School of Mechanical, Aerospace and Civil Engineering, University of Manchester, ManchesterM13 9PL, U.K.

Integrated Manufacturing Technologies Research and Application Center, Sabanci University, Tuzla 34956, Istanbul, Turkey.

出版信息

ACS Omega. 2022 Feb 22;7(9):7515-7530. doi: 10.1021/acsomega.1c05437. eCollection 2022 Mar 8.

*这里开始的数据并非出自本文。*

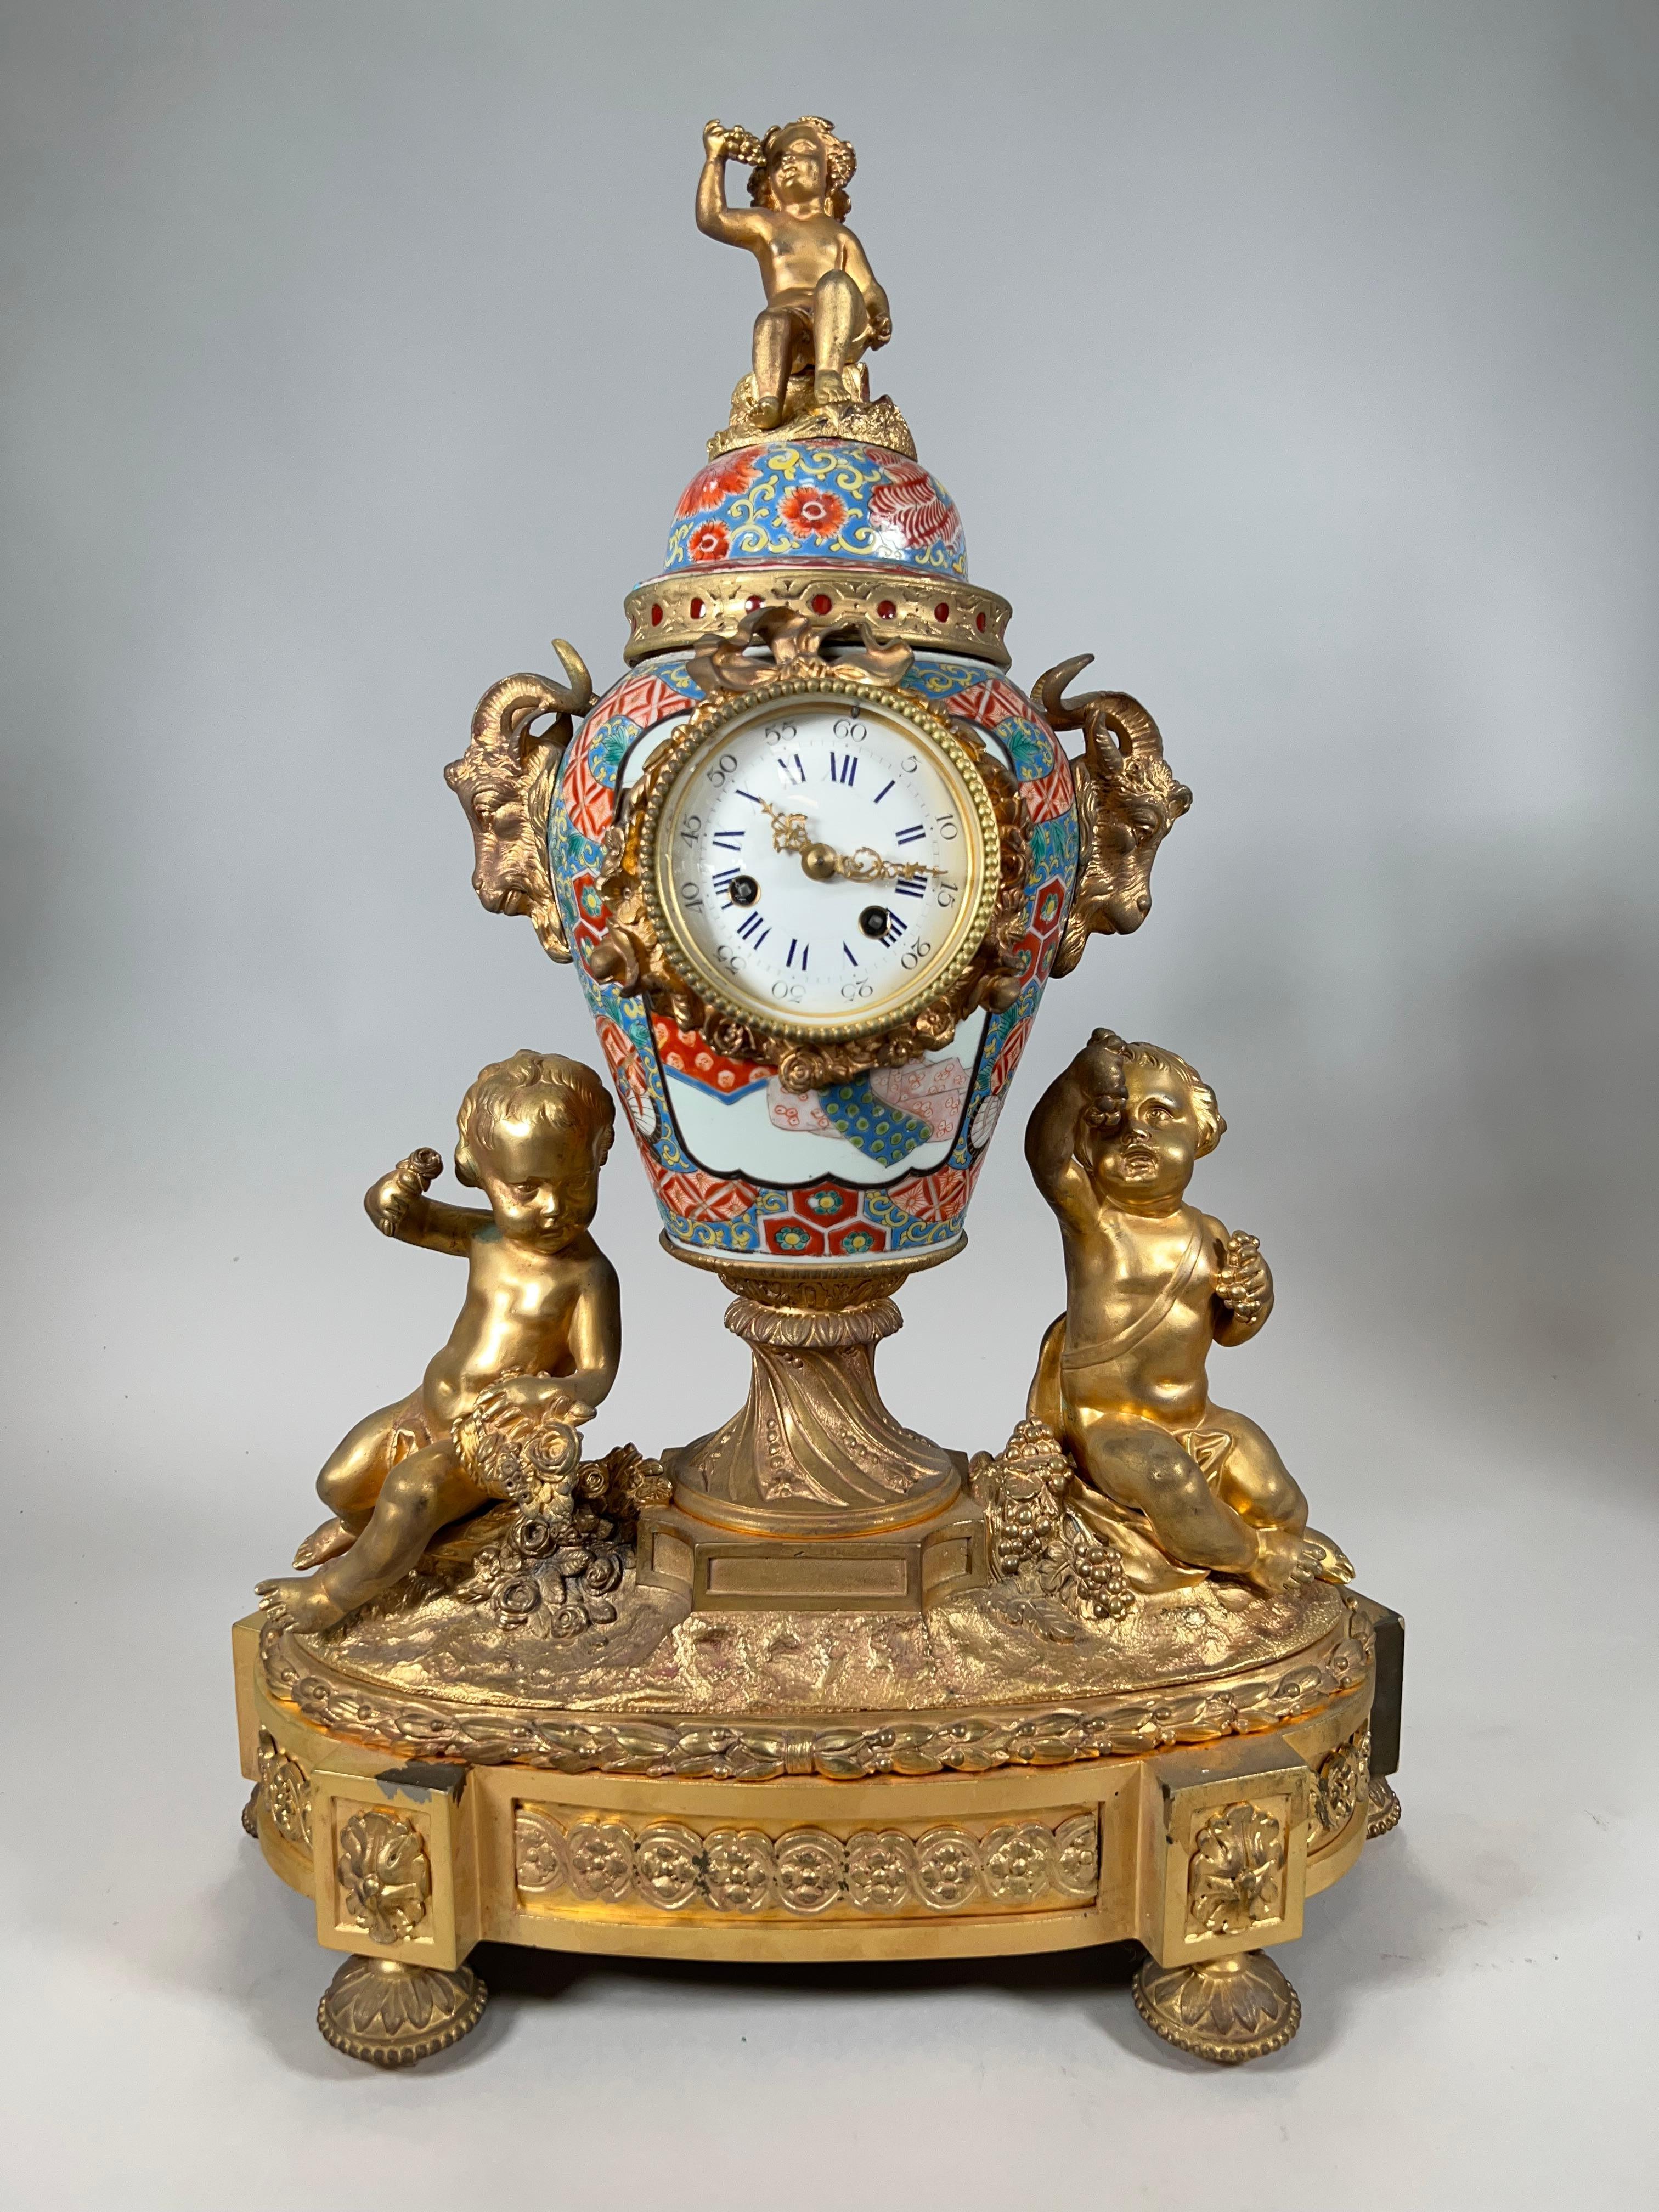 JAPANESE IMARI PORCELAIN AND ORMOLU MOUNTED MANTEL CLOCK, 19TH CENTURY urn shaped with three ormolu mounted cherubs with Roman Numeral and Arabic dial. Dimensions Height: 22

DOI:10.1021/acsomega.1c05437

PMID:35284712

原文链接:https://pmc.ncbi.nlm.nih.gov/articles/PMC8908495/

Abstract

Large bone loss injuries require high-performance scaffolds with an architecture and material composition resembling native bone. However, most bone scaffold studies focus on three-dimensional (3D) structures with simple rectangular or circular geometries and uniform pores, not able to recapitulate the geometric characteristics of the native tissue. This paper addresses this limitation by proposing novel anatomically designed scaffolds (bone bricks) with nonuniform pore dimensions (pore size gradients) designed based on new lay-dawn pattern strategies. The gradient design allows one to tailor the properties of the bricks and together with the incorporation of ceramic materials allows one to obtain structures with high mechanical properties (higher than reported in the literature for the same material composition) and improved biological characteristics.

摘要

大面积骨缺损损伤需要具有类似于天然骨的结构和材料组成的高性能支架。然而，大多数骨支架研究集中在具有简单矩形或圆形几何形状和均匀孔隙的三维（3D）结构上，无法重现天然组织的几何特征。本文通过提出基于新的铺设模式策略设计的具有不均匀孔径（孔径梯度）的新型解剖学设计支架（骨砖）来解决这一局限性。梯度设计使人们能够定制骨砖的性能，并且通过掺入陶瓷材料，能够获得具有高机械性能（高于相同材料组成的文献报道）和改善的生物学特性的结构。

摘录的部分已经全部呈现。